Three local nonprofits became the first ever recipients of “Born to Make a Difference” grant funding, an initiative to support organizations that provide community service, research and learning, and philanthropy, on Friday.
The money was awarded by the inaugural group of John P. Murtha Foundation Public Service Fellows – Callie Burgan, MacKenzie Caron, Mattie Updyke and Emma Swihura, all University of Pittsburgh at Johnstown students – who set up the request-for-proposal for the $10,000.
Sandyvale Memorial Gardens and Conservancy ($7,600), Flood City Youth Fitness Academy ($1,200) and Cambria County Library System ($1,200) were selected from among two dozen applicants.

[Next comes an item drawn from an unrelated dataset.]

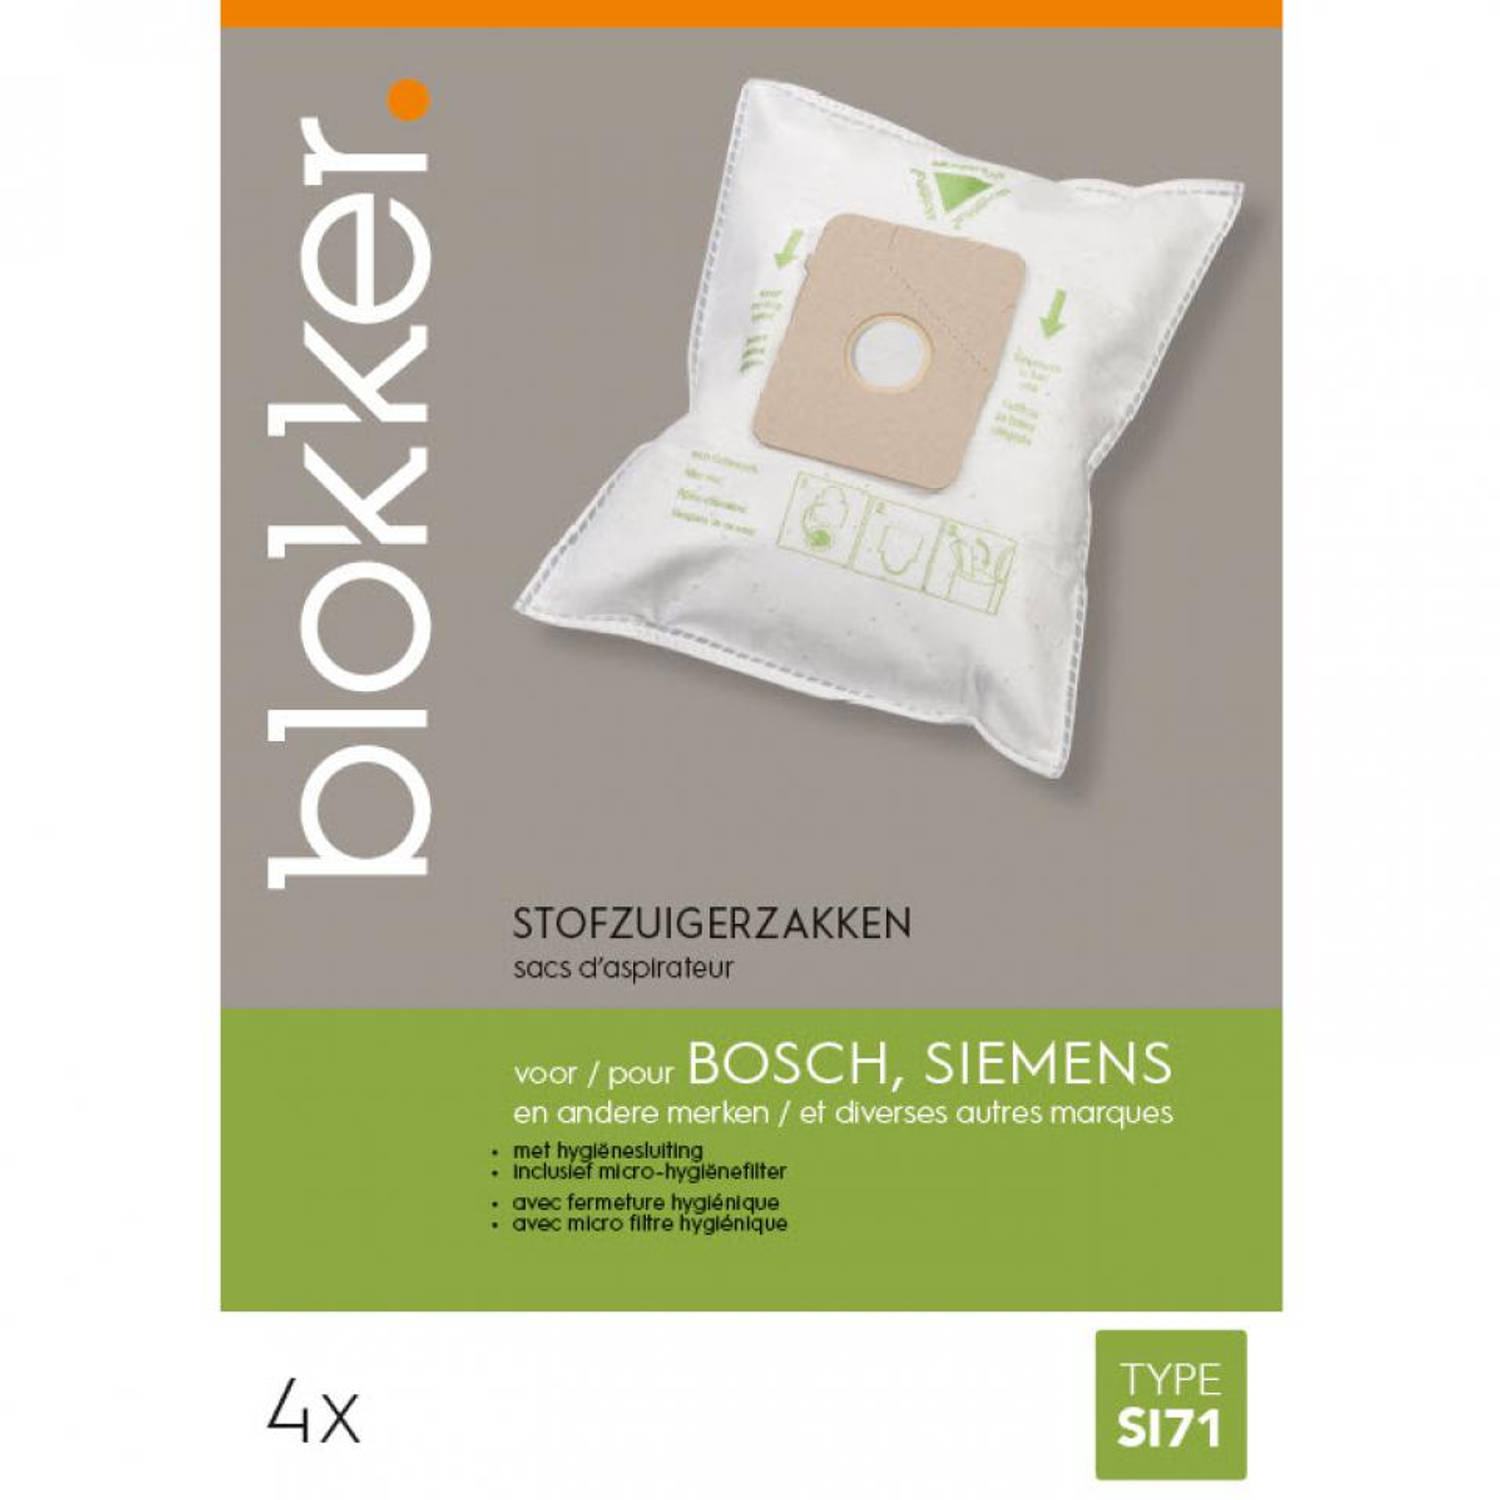 Niet ingewikkeld instant applaus Blokker stofzuigerzak Bosch, Siemens si71 - 4 stuks | Blokker

“(We were) looking for a project that really – at its core – kind of exemplified everything that we were looking for, not only us as four individuals who all came into this with different perspectives, but also something that signified what the Murtha Foundation was looking for in their own criteria that was set forth,” Caron said during a ceremony at UPJ’s John P. Murtha Center for Public Service and National Competitiveness.
The fellows worked in conjunction with the foundation, college, Vision Together 2025, Community Foundation for the Alleghenies, Johnstown Area Regional Industries and Cambria Regional Chamber. Along with awarding the grant funding, Burgan, Caron, Updyke and Swihura met with community leaders and learned about the work of several nonprofits.
Pitt-Johnstown President Jem Spectar said the fellows “typify and exemplify the vision of Congressman Murtha when he said ‘one person can make a difference.’ ”
The money was awarded to:
• Sandyvale Memorial Gardens and Conservancy for continued promotion of greenspace development, good nutrition and childhood development.
“The goal is to create positive long-term healthy lifestyle changes with the objective to decrease unhealthy behaviors and – at the same time – educate children and their families on three separate components: nutrition, physical activities and positive behaviors,” Diana Kabo, Sandyvale’s secretary, said.
• Flood City Youth Fitness Academy for its programming that includes tutoring, exercise, food and play for children within the Greater Johnstown School District.
“You can’t get any more grassroots than what we are,” Deacon Jeffrey Wilson, the academy’s program director, said.
Wilson added: “Everything that we do we do it because God gives us the ability to do it.”
• Cambria County Library System for startup costs for young adult programming.
“Of course, we are about books,” Joyce Homan, a CCLS reference librarian, said.
“We will always be about books. But we are about so much more than that. We are about providing safe spaces for our teens, our young adults. We’re about reaching out to our 20- and 30-somethings. We recognize how vital and important it is to support those folks and keep them in the community.”